Inspection of District Heating Pipelines Using Thermography
Vehicle-based Operation of the Infrared Camera VarioCAM® HDx
District heating is generally regarded as an extremely efficient and environmentally friendly form of energy supply. Based on industrial waste heat or renewable energy sources, it offers the possibility of heating water and thus supplying private, commercial and industrial customers. Prerequisite for this is an intact transport system. Only then energy reaches the consumers with minimal losses. This is precisely what Netze Duisburg GmbH is doing to control the city's entire district heating network supported by InfraTec infrared cameras.
Several Hundred Kilometres of Pipelines in Focus
Peter Becker, working at the district heating service department at Netze Duisburg GmbH, is one of the experts in handling these cameras. He and his team use InfraTec thermography systems to regularly inspect the district heating network for possible leaks and check the sleeves of plastic-coated pipes for perfect thermal insulation. "The network covers almost 465 kilometres," says Becker. "So we have to monitor several kilometres for water leakage."
The image was captured due to damage that led to water losses in the district heating network. Using an infrared camera, the damage to the connection pipe for the district heating could be located quickly and accurately.
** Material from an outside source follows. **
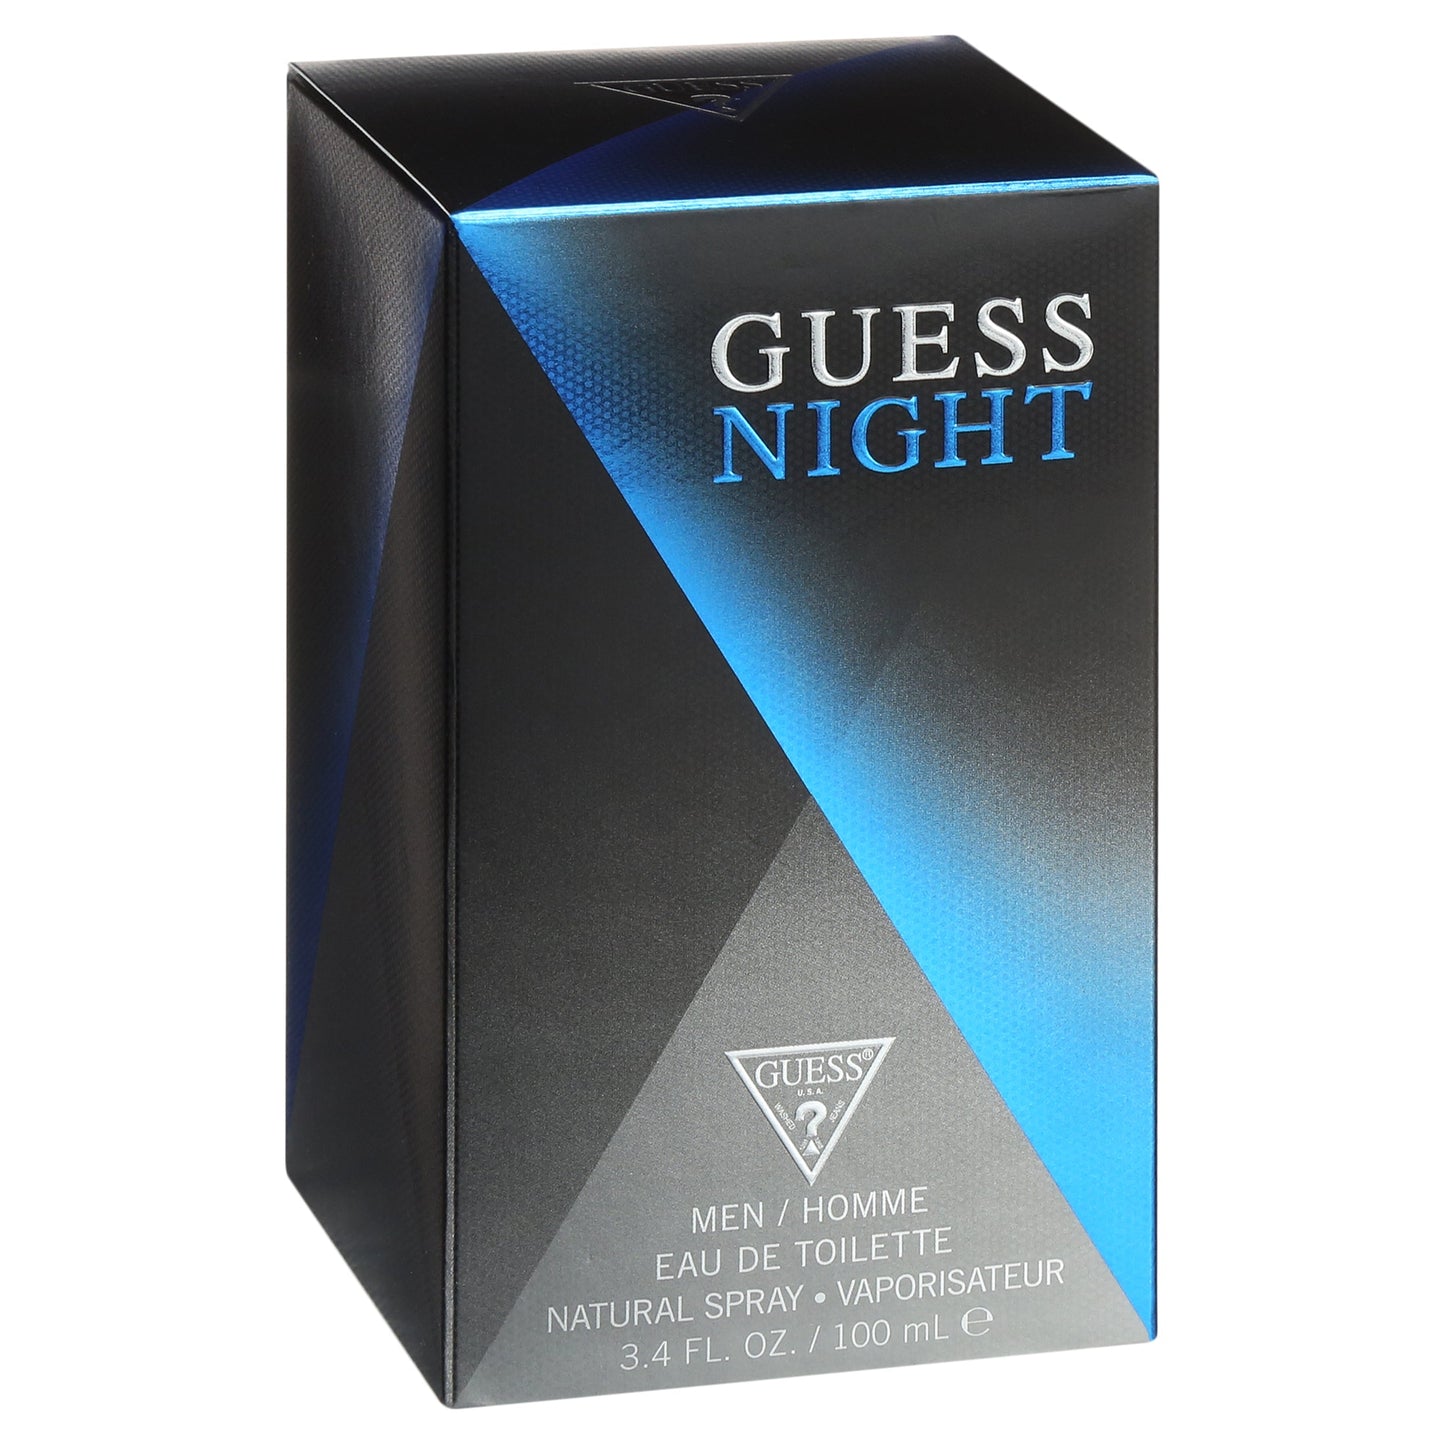 Guess Night Men/Homme Eau de Toilette 3.4 fl oz
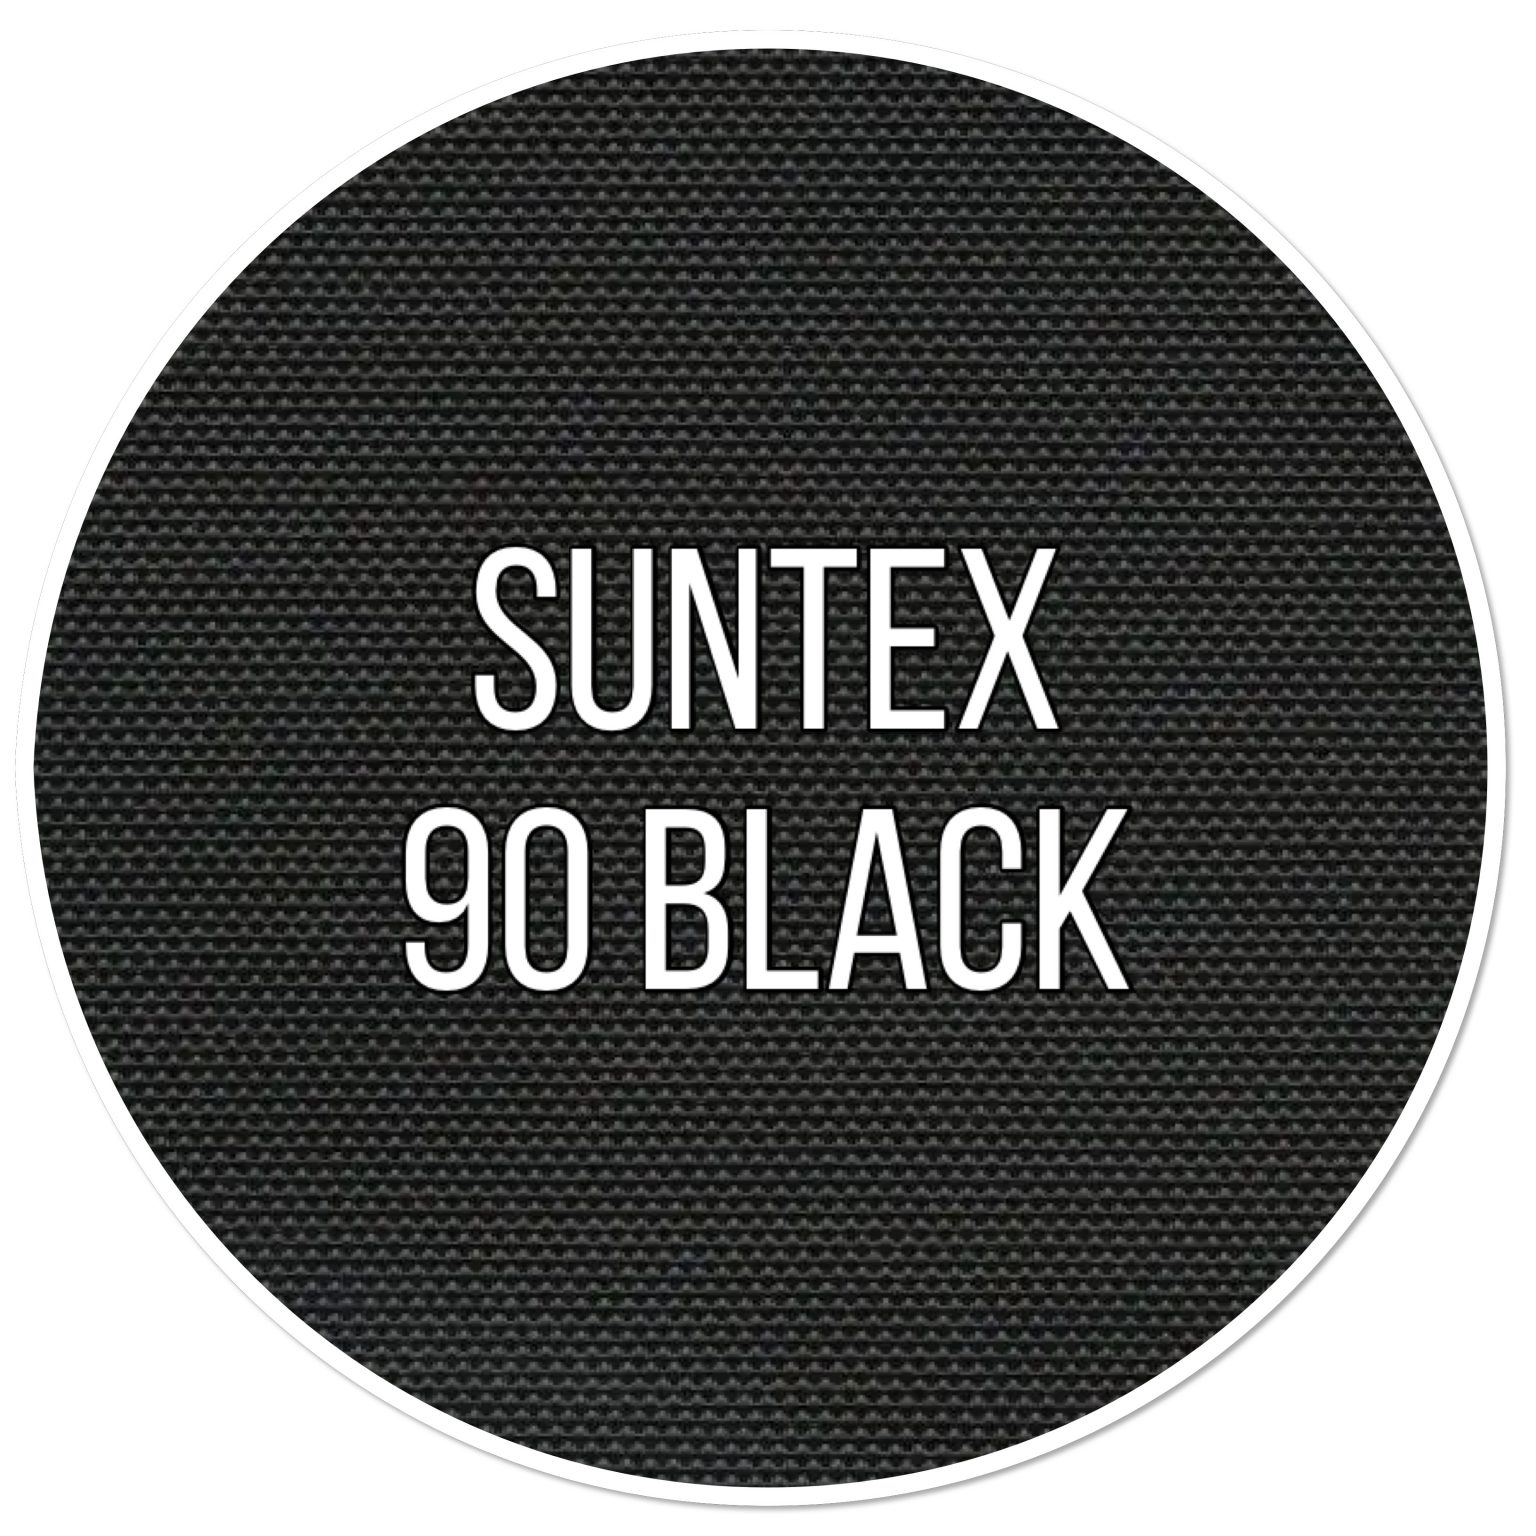 suntex 90 black

Not a job to be accomplished on foot. Therefore, an infrared camera of the VarioCAM® HDx research 600 series is mounted on the roof rack of a car with a pan/tilt head. Its robust light metal housing, combined with the LEMO® plug connections that maintain the degree of protection, ensures that the system is not affected by any weather conditions. The custom-built design includes a cable entry into the vehicle interior. Here, Peter Becker and his colleagues can monitor and evaluate the recordings live on the monitor of their notebooks. „Wherever a leak has formed, even small temperature differences can be clearly seen on the road surface. In this way, we can inspect a large area of the district heating network within a short period of time," explains Peter Becker. The consumer will not notice any of this. The monitoring is basically carried out during regular network operation and proves to be extremely accurate.
Thermal images can be viewed and evaluated live while driving, for example to inspect joints. The excellent technical characteristics of this thermographic camera enable reliable leakage location instantly even if leaks are only distinguished from the environment by small temperature gradients. The road to success: Its high-quality microbolometer detector in the format (640 × 480) IR pixels and the capability to detect smallest thermal differences up to 30 mK.
Thermography Enabling Fast Maintenance
Once a leak has been identified, Peter Becker notifies his colleagues responsible and repairs may commence. Efficiency and promptness are therefore the decisive advantages he sees in the use of infrared cameras for his work. This is complemented by a high degree of flexibility. Finally, if desired, the camera can also be removed from the pan/tilt head and simply used as a hand-held device. The 5.6 inch extremely large and very bright colour TFT display allows the immediate evaluation of recordings, even if the camera is not live connected to a computer. This considerably expands the range of applications for the thermography system. Within the Netze Duisburg GmbH, this technology is an extremely effective element of leak detection, which complements other leak detection methods such as monitoring of synthetic jacket pipe systems based on moisture indicators and pressure tests in network areas.
Special construction with pan-tilt head on the roof rack.
Since 2017, Netze Duisburg GmbH has been using an utility vehicle equipped with an infrared camera.
About 70,000 households and companies of the Ruhr metropolis are supplied via the predominantly buried district heating network. These are about 35% of the almost 500,000 inhabitants of the city. The high-pressure supply lines of the network, in which water as a heat transfer medium at temperatures of up to 125 degrees Celsius reaches the consumers, are very well insulated. Thus, only 5 degrees of cooling can be seen as a loss on the way. District heating of Duisburg not only heats residential and commercial premises, but also generates hot water via a domestic water heater.